The Chinese Musicians Association (中国音乐家协会 (Zhōngguó Yīnyuèjiā Xiéhuì); abbreviated CMA) is China's largest and most important musical organization. It was established in July 1949 by the Chinese Communist Party and, as of 2020, has more than 15,600 individual members.

According to its website, the association's responsibilities include "contact, coordination, and service". The association promotes new musical composition, organizes music competitions, provides rewards and commendations for prominent musical contributions, and sponsors musical research. It also carries out musical exchange between China and other countries including introducing Chinese music to the world, bringing internationally acclaimed musicians and music groups to China and selecting Chinese musicians to participate in international music competitions. In political terms, the organization serves as "a bridge and bond between the Party and government and the music industry."

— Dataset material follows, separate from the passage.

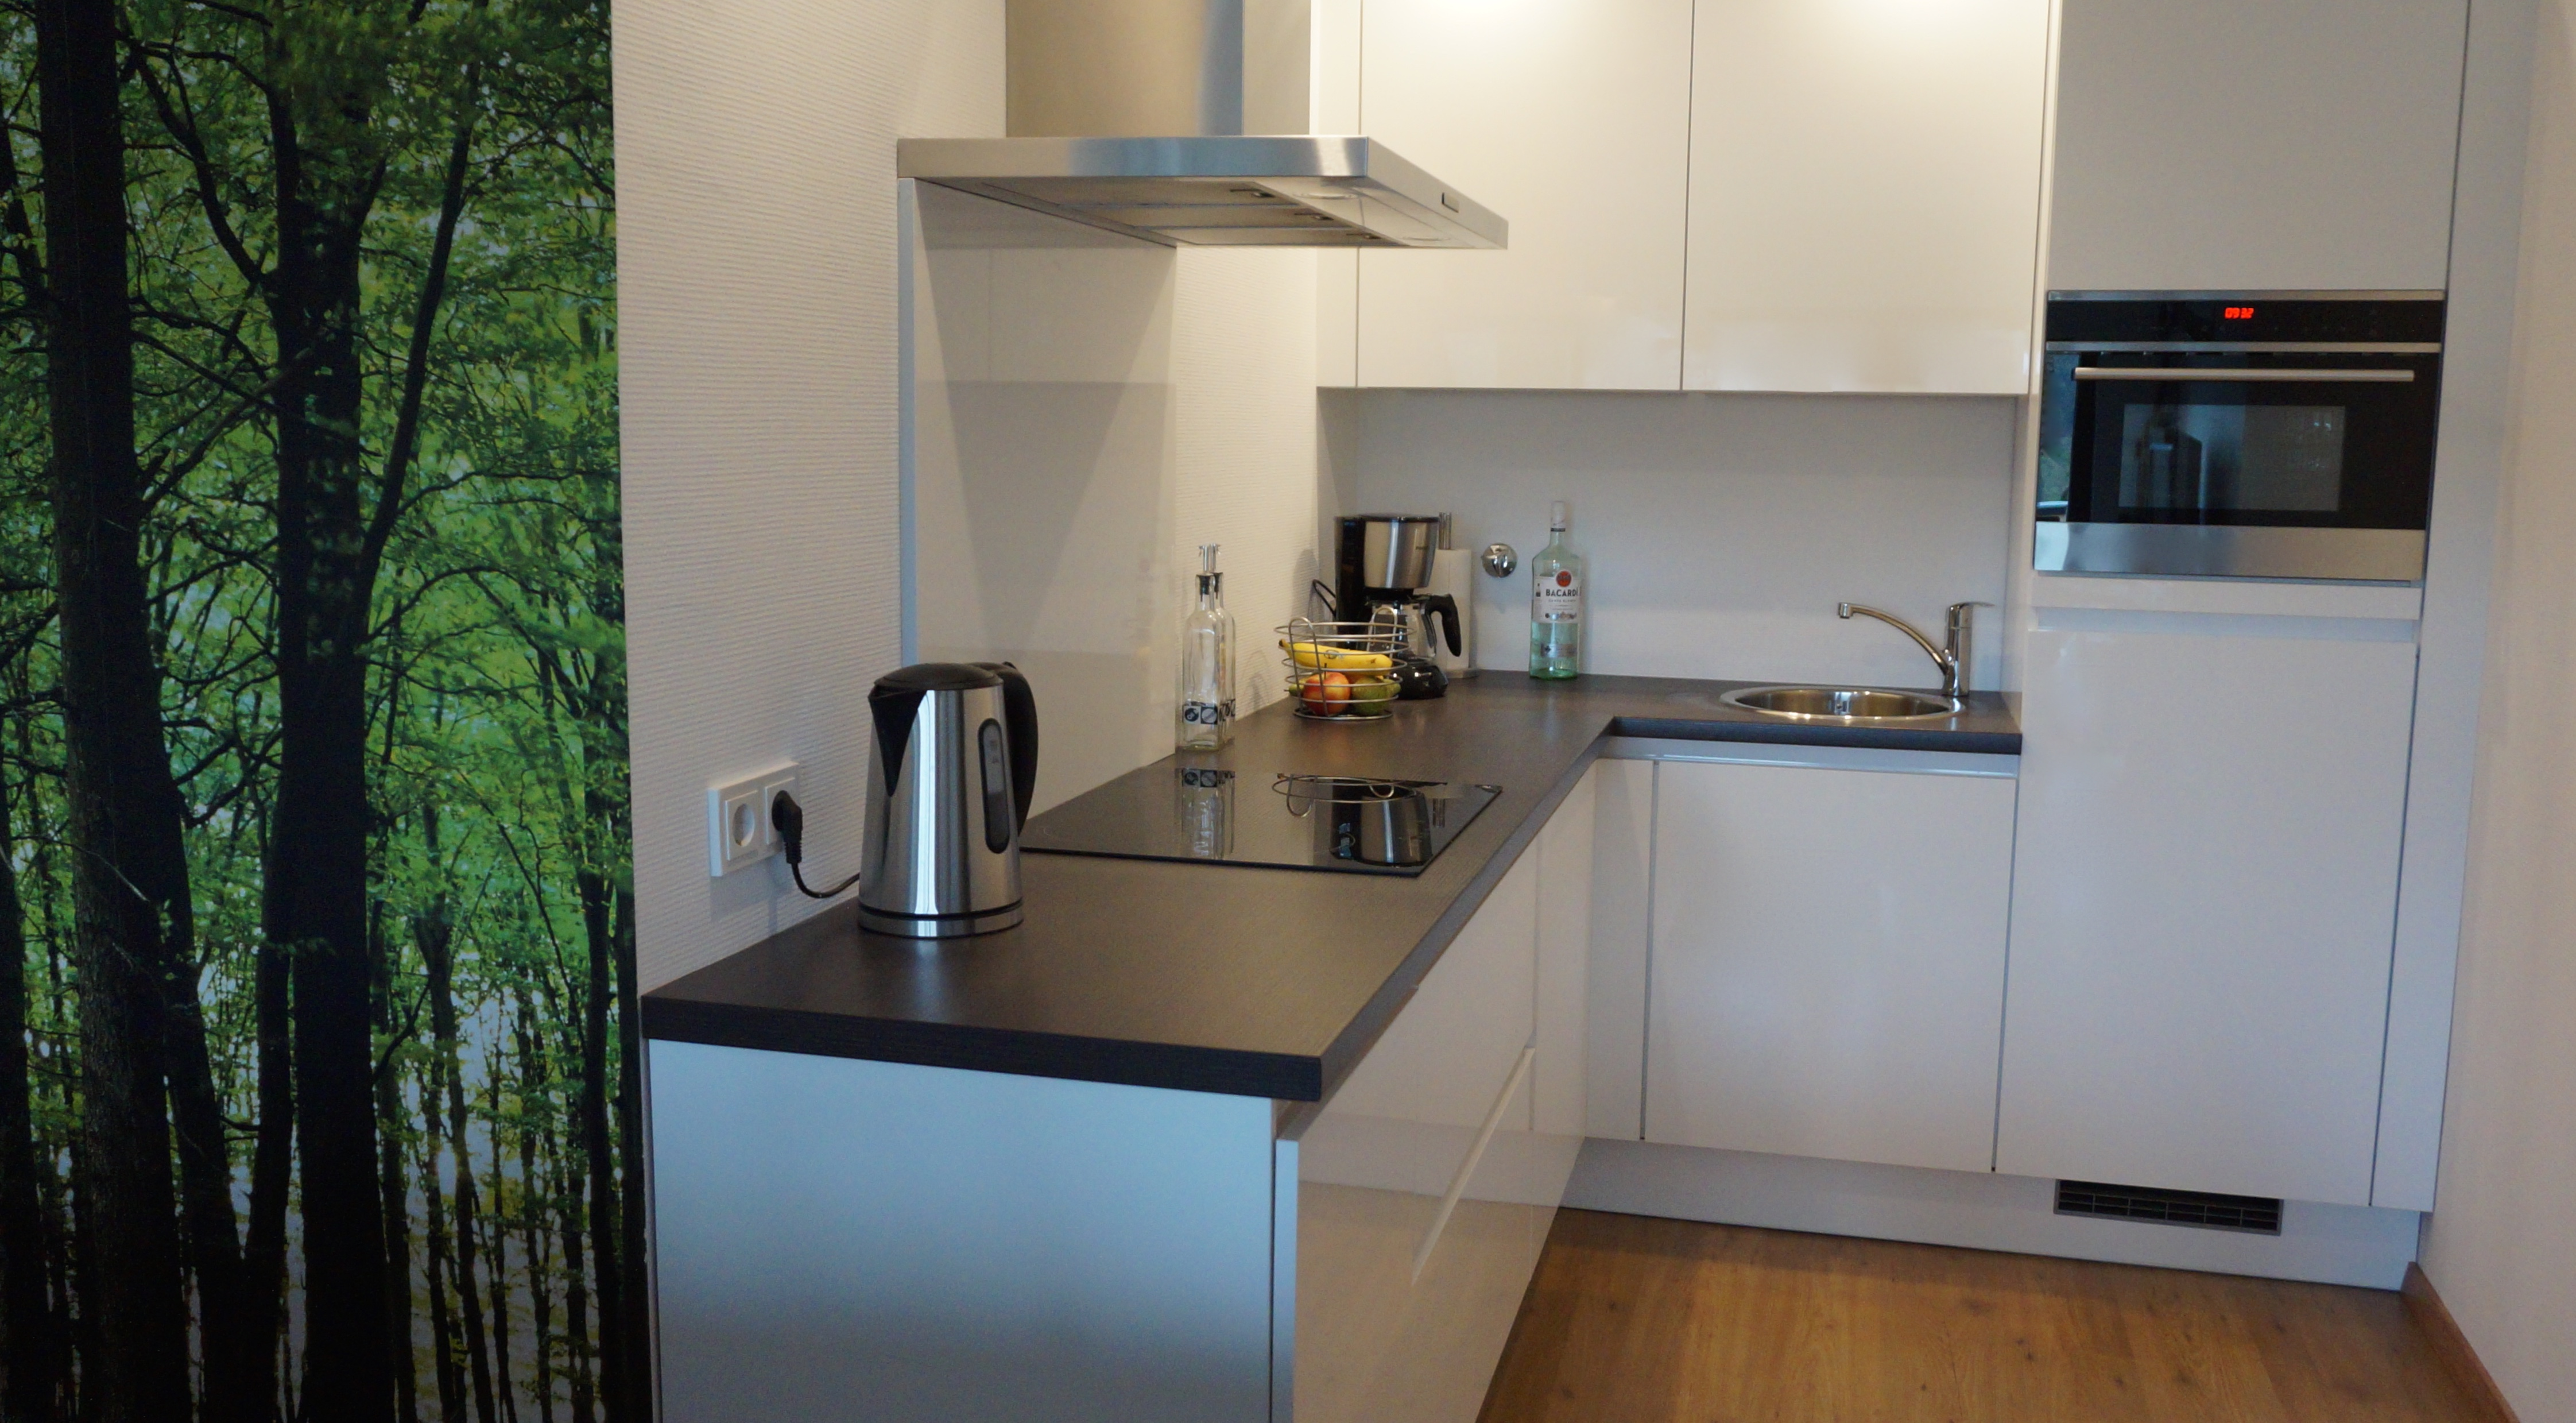 Appartement Familie Willems Winterberg Niedersfeld Apartments For Rent In Winterberg Nordrhein Westfalen Germany

The CMA publishes several professional periodicals and publishes audio and video recordings.

The CMA maintains nine specialized committees and a number of secondary academic societies. The association's subordinate organizations include the Chinese Traditional Music Society, Chinese National Orchestral Music society, Chinese Ethnic Minorities Vocal Music Society, Chinese Musical Aesthetics Society, Chinese Musical Literature Society, Nie Er, and Xian Xinghai Society.

The CMA is a member of the International Music Council and JMI (www.JMI.org).